**What is needed:**
The copy should hold exactly the lines below from the one that contains "1413 E Clover" through the one that contains "Cautions on asphalt" and nothing else, so no pictures.

**Exercise inputs:**
====
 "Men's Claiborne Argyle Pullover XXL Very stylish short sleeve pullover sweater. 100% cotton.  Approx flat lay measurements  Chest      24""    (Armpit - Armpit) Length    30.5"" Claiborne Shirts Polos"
====
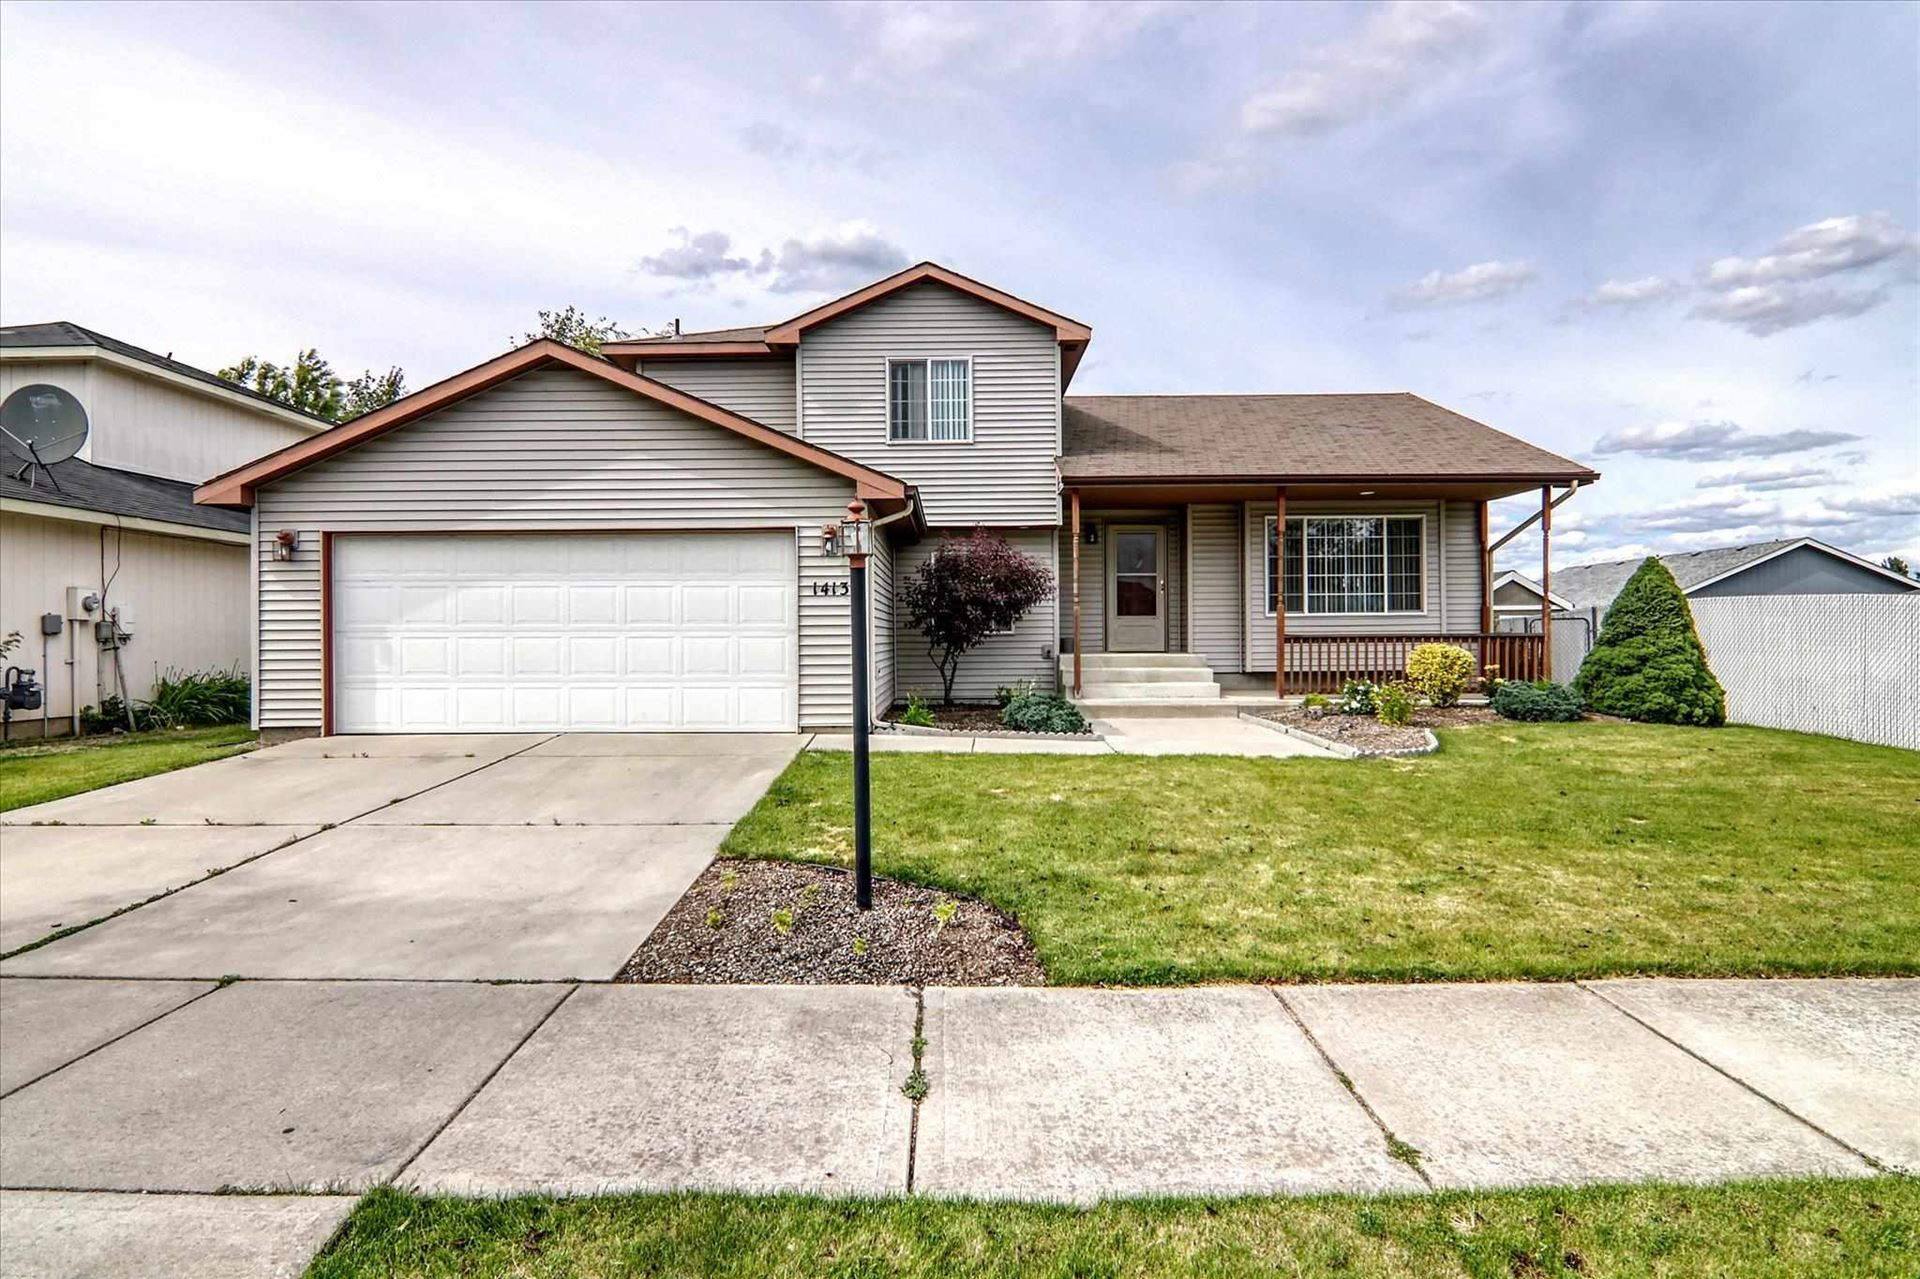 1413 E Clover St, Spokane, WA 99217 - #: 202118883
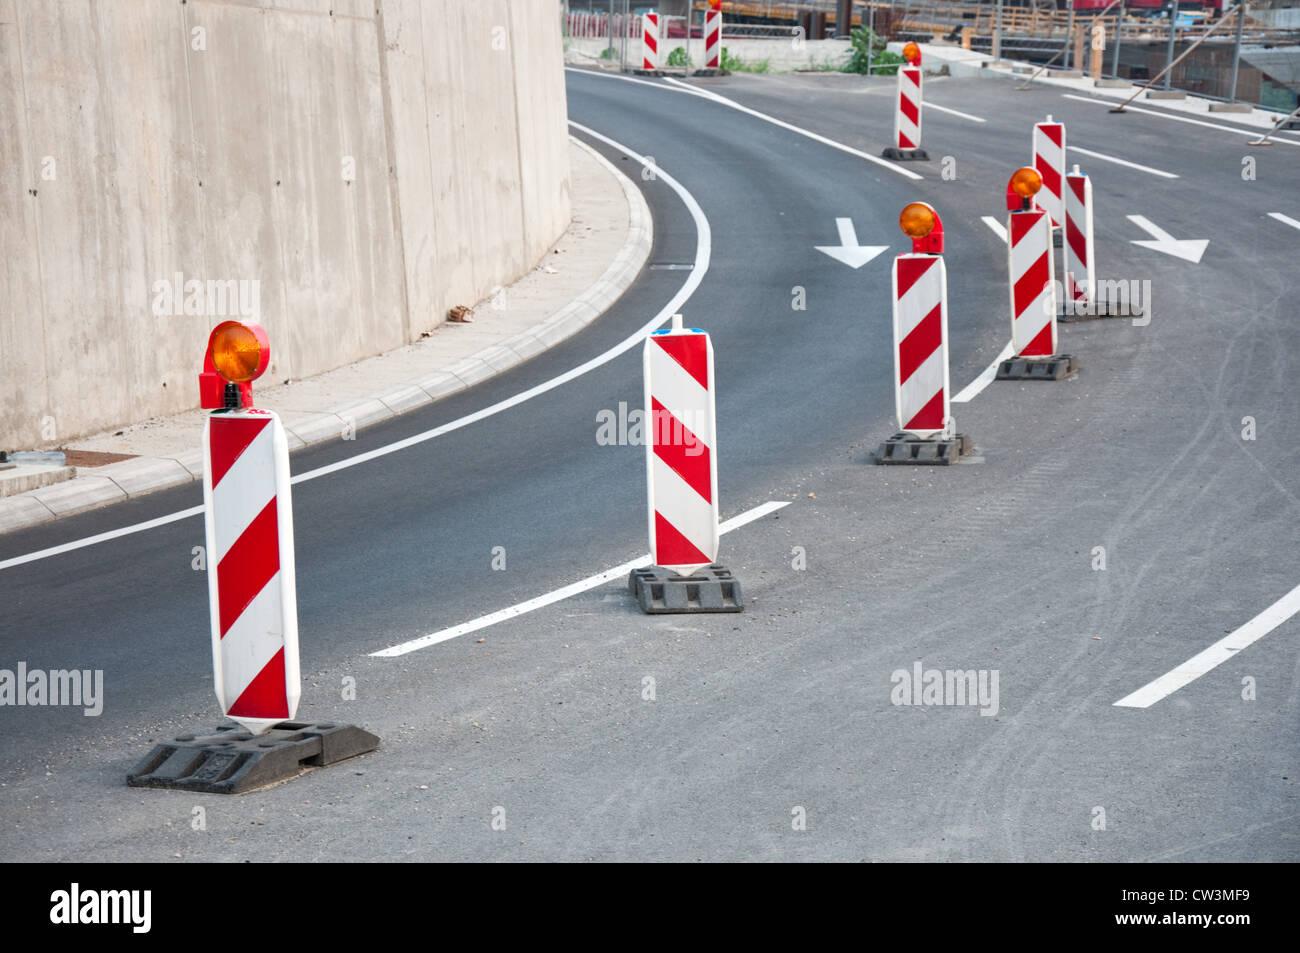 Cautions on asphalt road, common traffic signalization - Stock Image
====
**Written solution:**
 1413 E Clover St, Spokane, WA 99217 - #: 202118883
 Cautions on asphalt road, common traffic signalization - Stock Image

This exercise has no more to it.